_Exercise requirements:_ When you reach the line containing "Okosóra gyerekeknek Wonlex", begin reproducing the lines exactly and continue through the end of the listing, leaving out the pictures.

_Information supplied:_

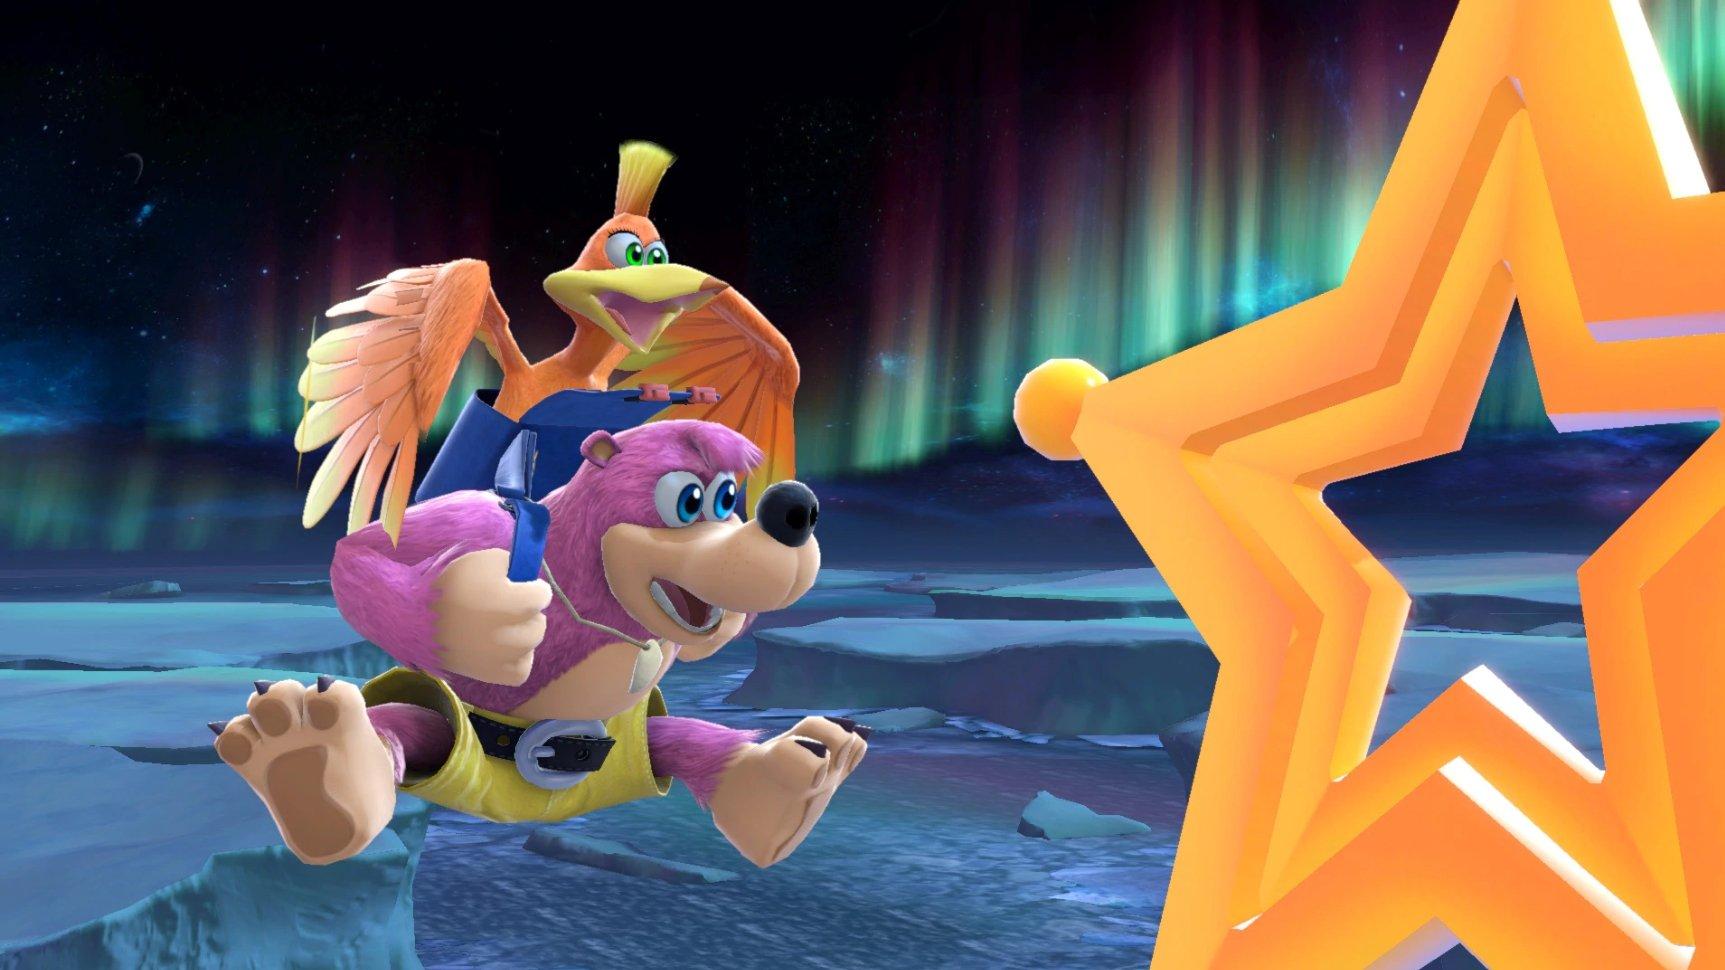 De nouvelles images de Banjo-Kazooie et Dragon Quest Hero Smash Ultimate apparaissent.
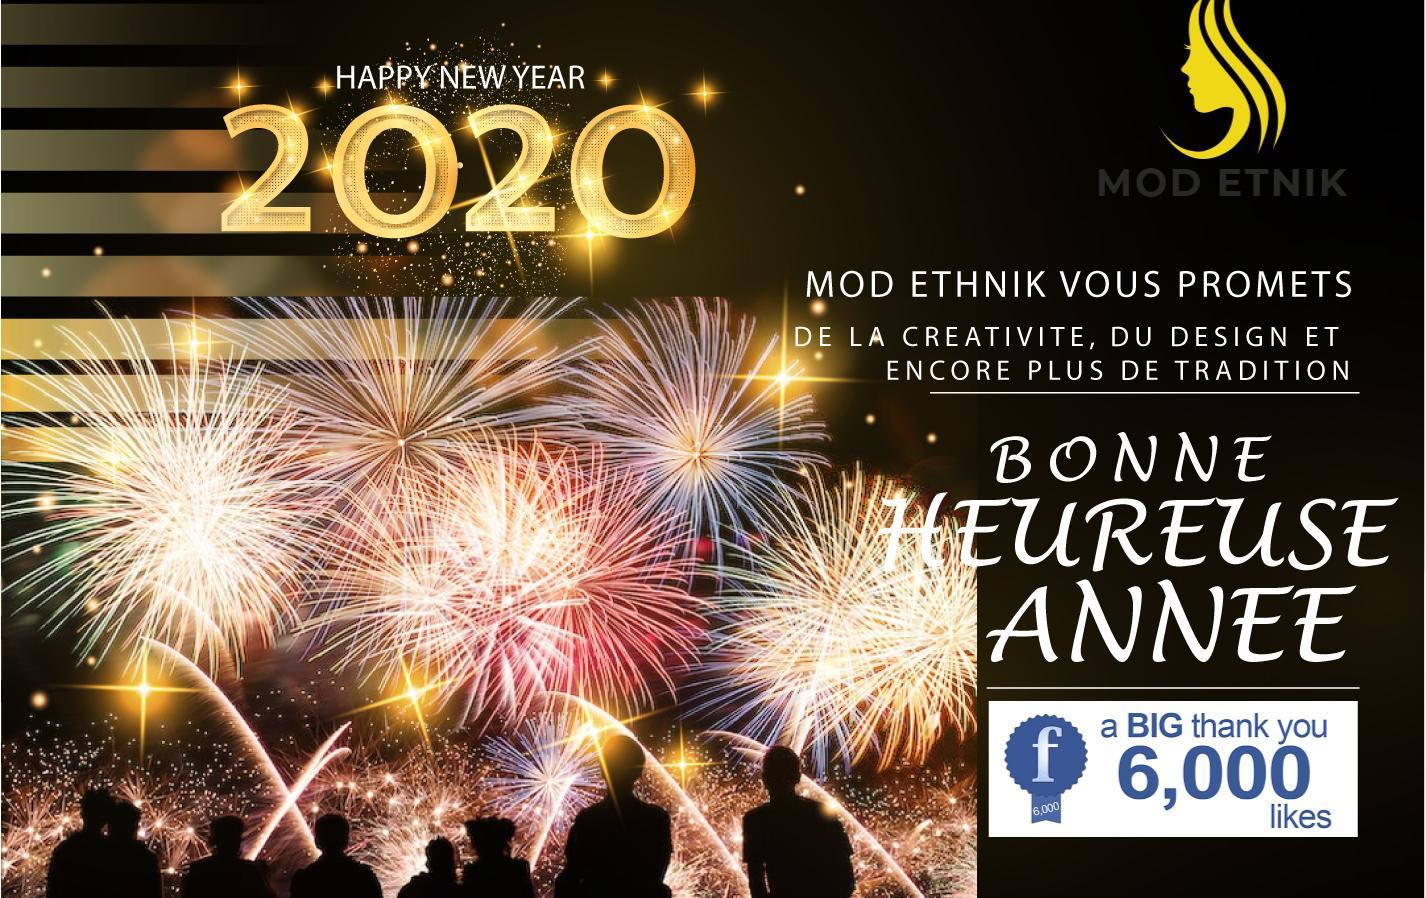 Bannière nouvelle année Mod Etnik
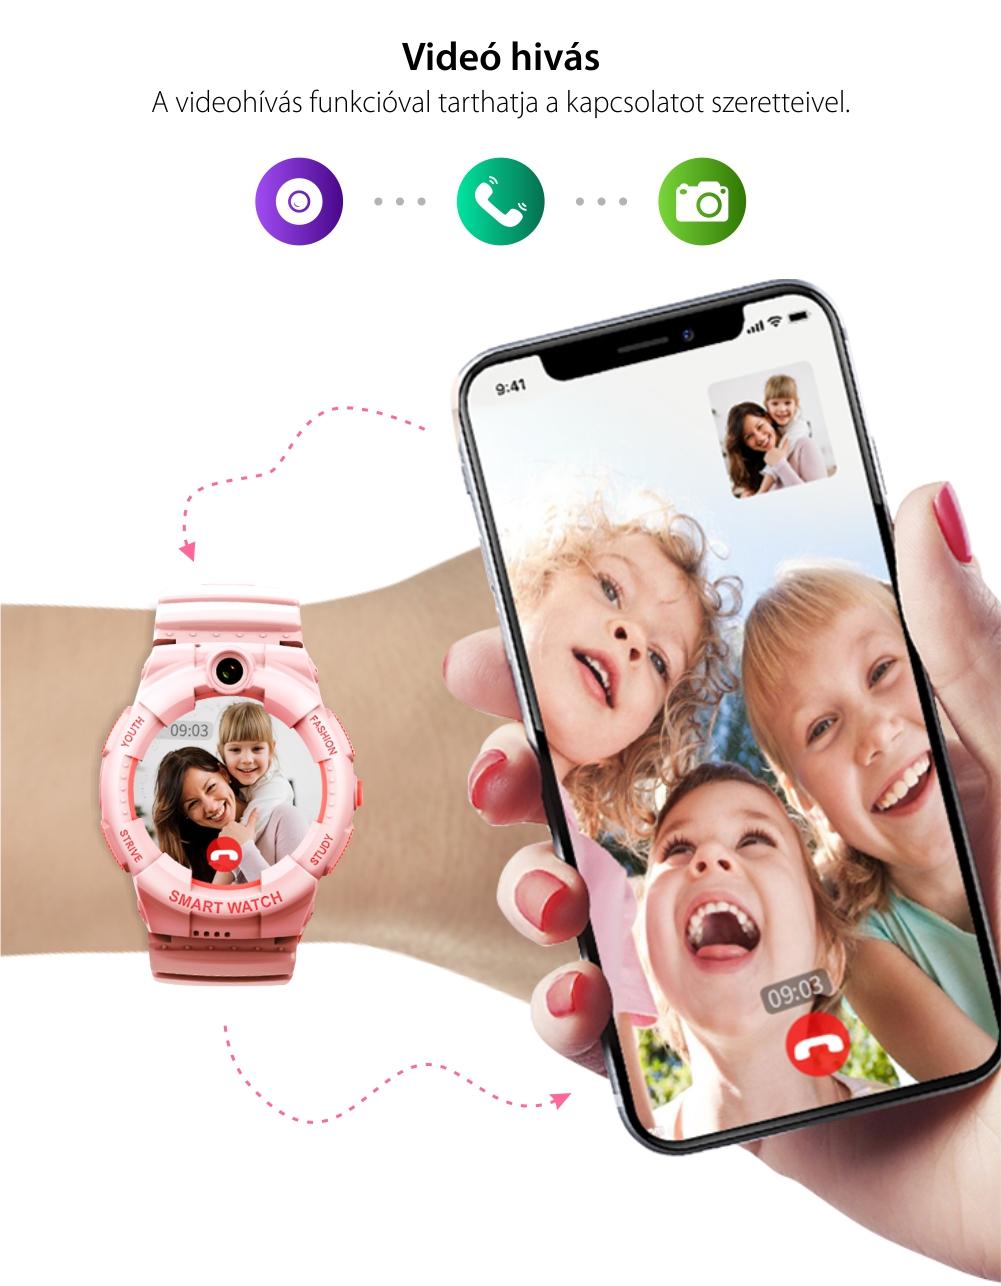 Okosóra gyerekeknek Wonlex KT25, Üzenetértesítések, Lépésszámláló, Kalória, Távolság, Kétirányú kommunikáció, Telefon fukció, Helymeghatározás, Fehér
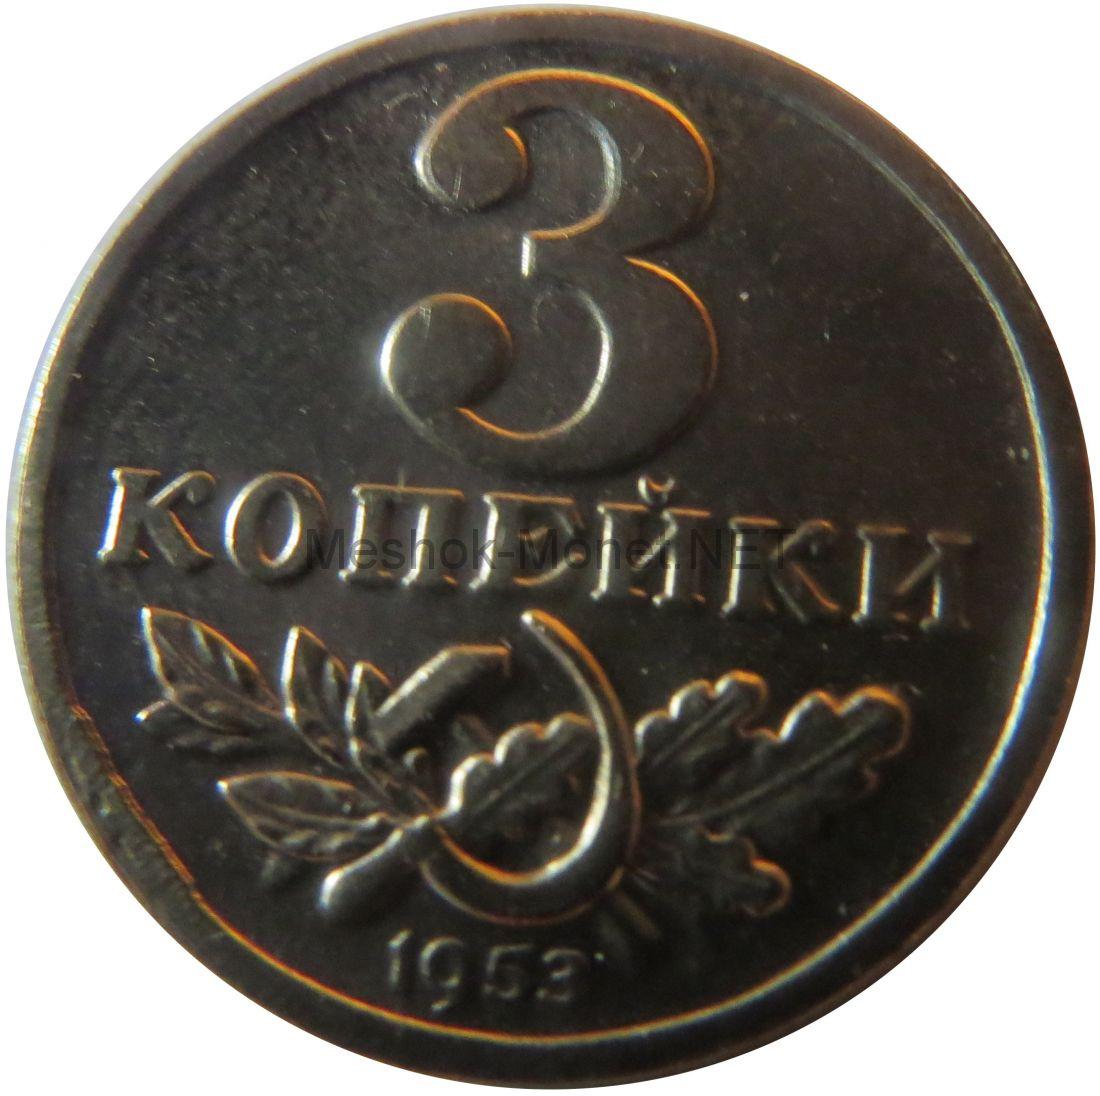 Копия монеты 3 копейки 1953 года. пробные СССР. Серп и молот. Гурт гладкий

_Result for this task:_
 Okosóra gyerekeknek Wonlex KT25, Üzenetértesítések, Lépésszámláló, Kalória, Távolság, Kétirányú kommunikáció, Telefon fukció, Helymeghatározás, Fehér
 Копия монеты 3 копейки 1953 года. пробные СССР. Серп и молот. Гурт гладкий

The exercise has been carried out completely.